If Other M wasn't a Metroid game, it would still have shitty voice acting, shitty writing, painfully linear level design, poor controls (d-pad for 3D movement and all that), and awkward first-person implementation.

It wouldn't be a shitty Metroid game, it'd just be a shitty game.


----------



## Hielkenator (May 26, 2014)

XrosBlader821 said:


> Why are people hating on Metroid Other M so much?
> It's a good game. It just breaks the old formula (which anybody could tell by the title).
> Whats next? Metal Gear Rising: Revengance?


 
....oh my god are you serious?
Focus to regain energy? and missles?
There's no gameplay left in the game, you cannot even finish it 100% in one go.
No exploring whatsoever.
No skill needed in aiming ( the game does it for you )
Pixel hunting for cleus....horrible executed.
NO WAY TO SKIP CGI SEQUENCES.
A female protanogist that has battled a whole panet on her own defeating the evil mother brain, acts like a little girl and refuse to use bombs and missle unless she is "authorized to do so", even if it means she's gonna die because of that. That's  how you kill an IP.
Thank you Team Ninja, for *raping Samus at clear daylight.*
Horrible, horrible game for Metroid standards, or any action adventure game in fact.
Dull predictable story, seriouly badly written.
"Oh there'an enemy but I cannot kill them unless I flip over switch", even if the creature is lying there, sleeping in the open, I cannot kill it.. ( if you ever tried to make a game, you know how cheap this is done, at least get the beast in cage of some sort... )
Linear level design...etc, etc...

THANK GOD FOR PRIME AND PREVIOUS ITTERATIONS.
NOWHERE NEAR "GOING BACK TO THE ROOTS" MEROID.
Other M has no replay value, or involves any skill, There's no need to kill enemies unless it is needed for "an invisible force" to be taken down for you to progress.
Even then TNinja managed to get a HUGE bug into the game.
Shallow, shallow game, at least Samus has a "nice rack".....
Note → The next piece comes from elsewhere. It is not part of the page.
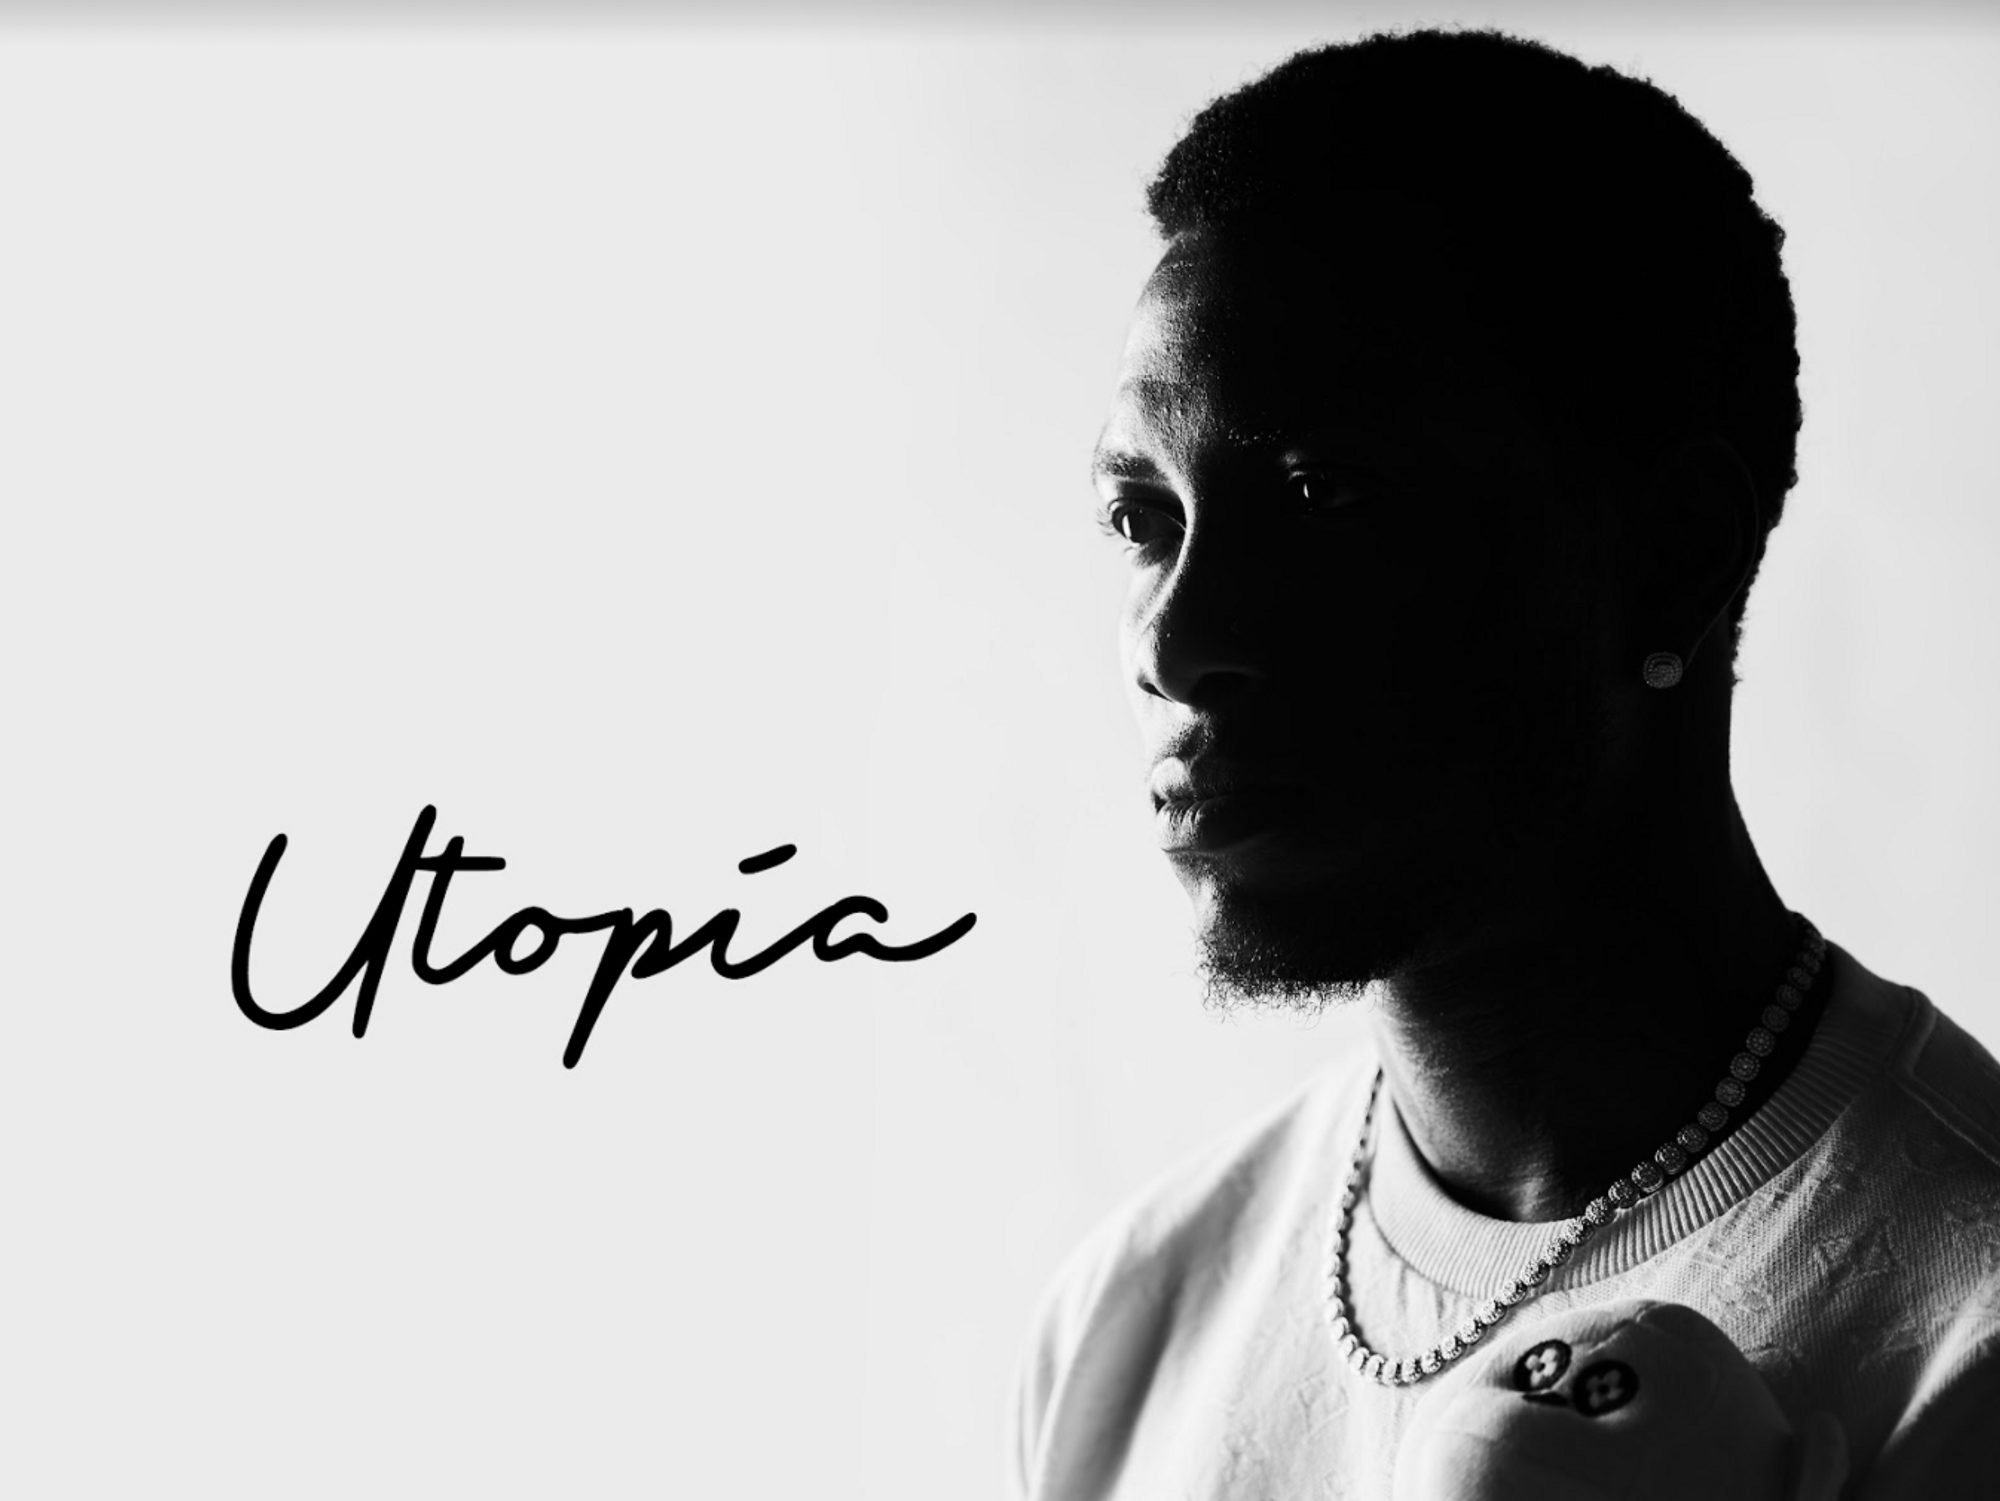 Savage Sets the Tone of His Career With Debut Album 'Utopia'

If you think OtherM was good, you are in for a treat for ALL OTHER GAMES IN THE UNIVERSE! Previous metroid games included.
With this I "authorize you" to destroy every copy of this game.
Really , DO IT!


----------



## Hielkenator (May 26, 2014)

Sakitoshi said:


> and yet team ninja only believe that lack of bazongas was the cause of its failure
> 
> source
> 
> ...


 
NO still a horrible game whatever the IP.
It just feels cheap and rushed.
The game consist for more that 75% out of CGI .
There's not much left, you can even revised the game from the theater after "beating"it with pre recorded gameplay sequences...
Damn it's bad....


----------



## BORTZ (May 26, 2014)

Hielkenator said:


> PLEASE, do Metroid other M next.......
> Anyways I think the NES games of ninja gaiden are far , far, FAAAR better than this hack and slash garbage.


 
While I wont disagree with you on the point that the NES games were better (cause they were) if you play these new games like hack and slash, you are going to have a bad time. You actually have to learn combos and correct button sequences for attacks or you will be staring at the "GAME OVER" screen a lot. 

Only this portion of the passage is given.